CoreWeave is also improving its platform with software tools such as Mission Control and SUNK (Slurm on Kubernetes). These tools enable clients to run and monitor workloads on CoreWeave's platform easily. The ease of use further translates into higher customer loyalty.
Valuation
CoreWeave is currently trading at 18.7 times sales, which may seem high for an unprofitable company. However, the valuation can be justified considering its huge market opportunity and exceptional multi-year revenue visibility.

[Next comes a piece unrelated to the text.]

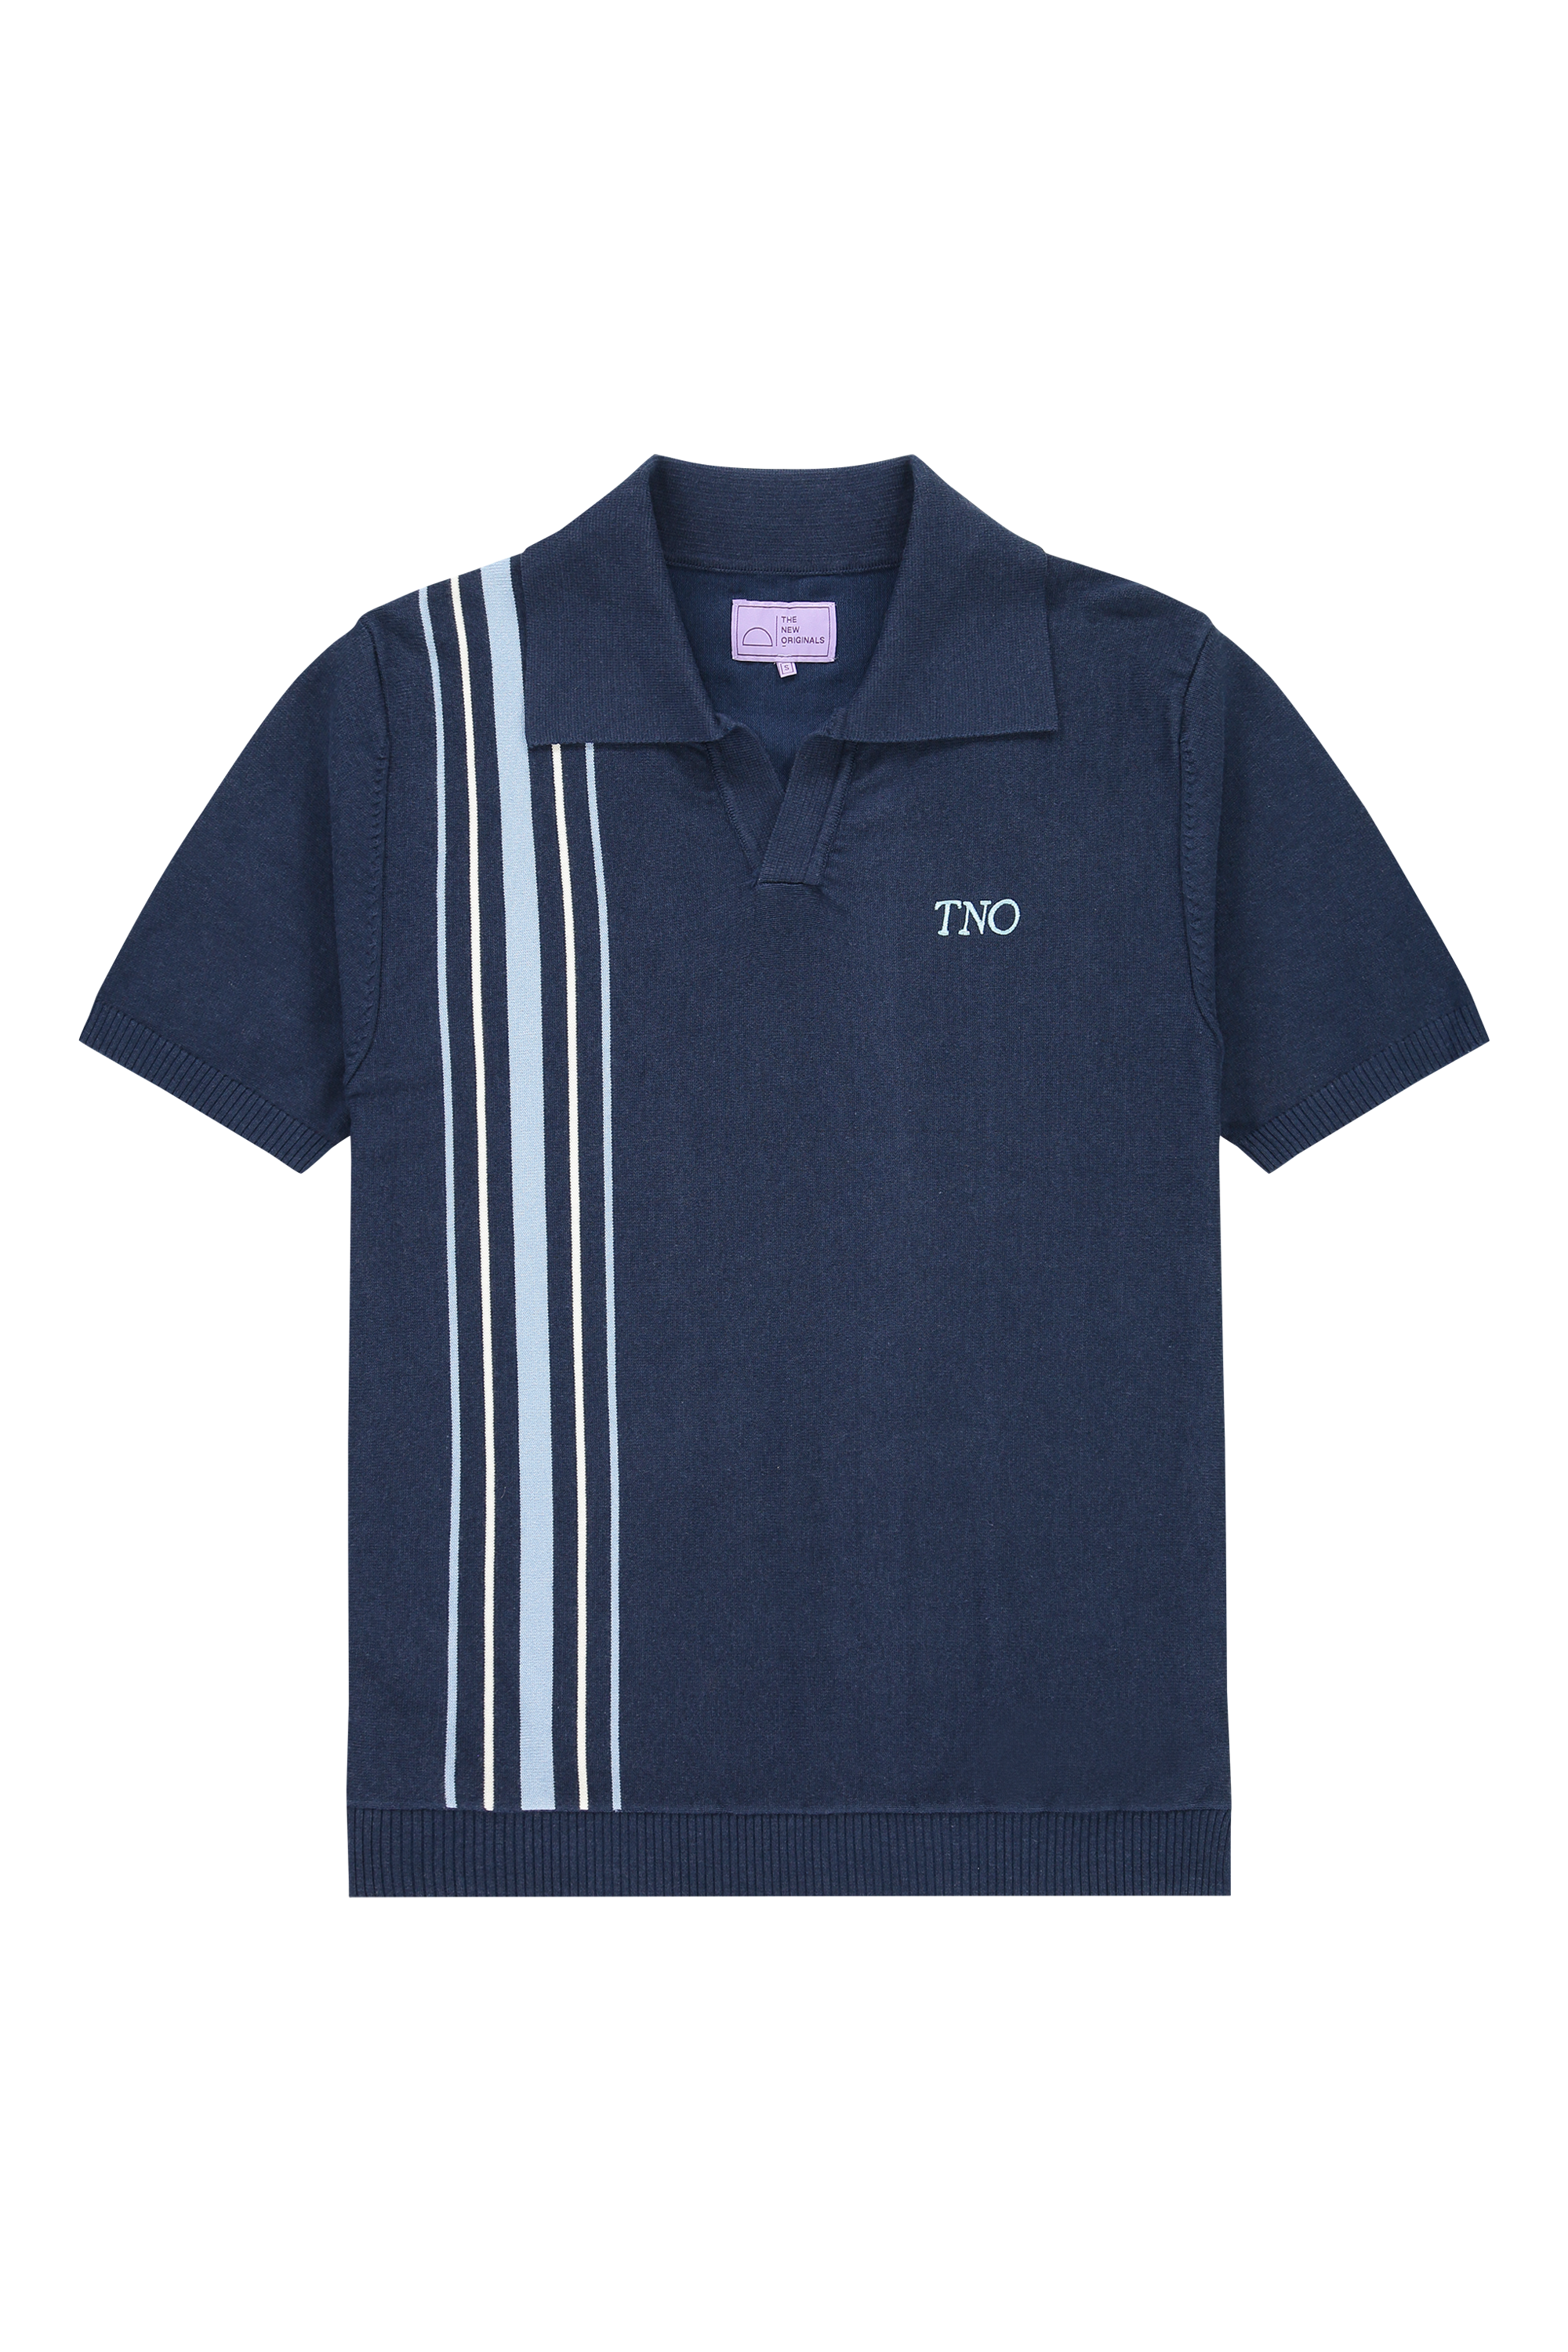 products-underlinepolo_blue_front-png

Analysts expect the company's revenues to soar from a projected $5.27 billion in fiscal 2025 to $18.09 billion by the end of fiscal 2027. MoffettNathanson analyst Nick Del Deo has projected an even faster revenue growth trajectory for the company, with revenues reaching in the $25 billion range by 2028. If the company actually achieves such rapid growth, you may not see any significant discount to its valuation from current levels.
Still assuming a 20% to 30% discount (to be more conservative), you can expect its price-to-sales multiple to fall to 13 times to 15 times. This translates into the market capitalization of $235.2 billion to $271.3 billion by the end of fiscal 2027, up 3.5 times to 4.1 times its current market capitalization of around $66 billion.
CoreWeave faces several challenges, including customer concentration risk, increased competition from hyperscalers, and funding risk. Hence, investors can manage the downside of this high-risk, high-reward stock by opting for a dollar-cost averaging strategy and gradually building a position.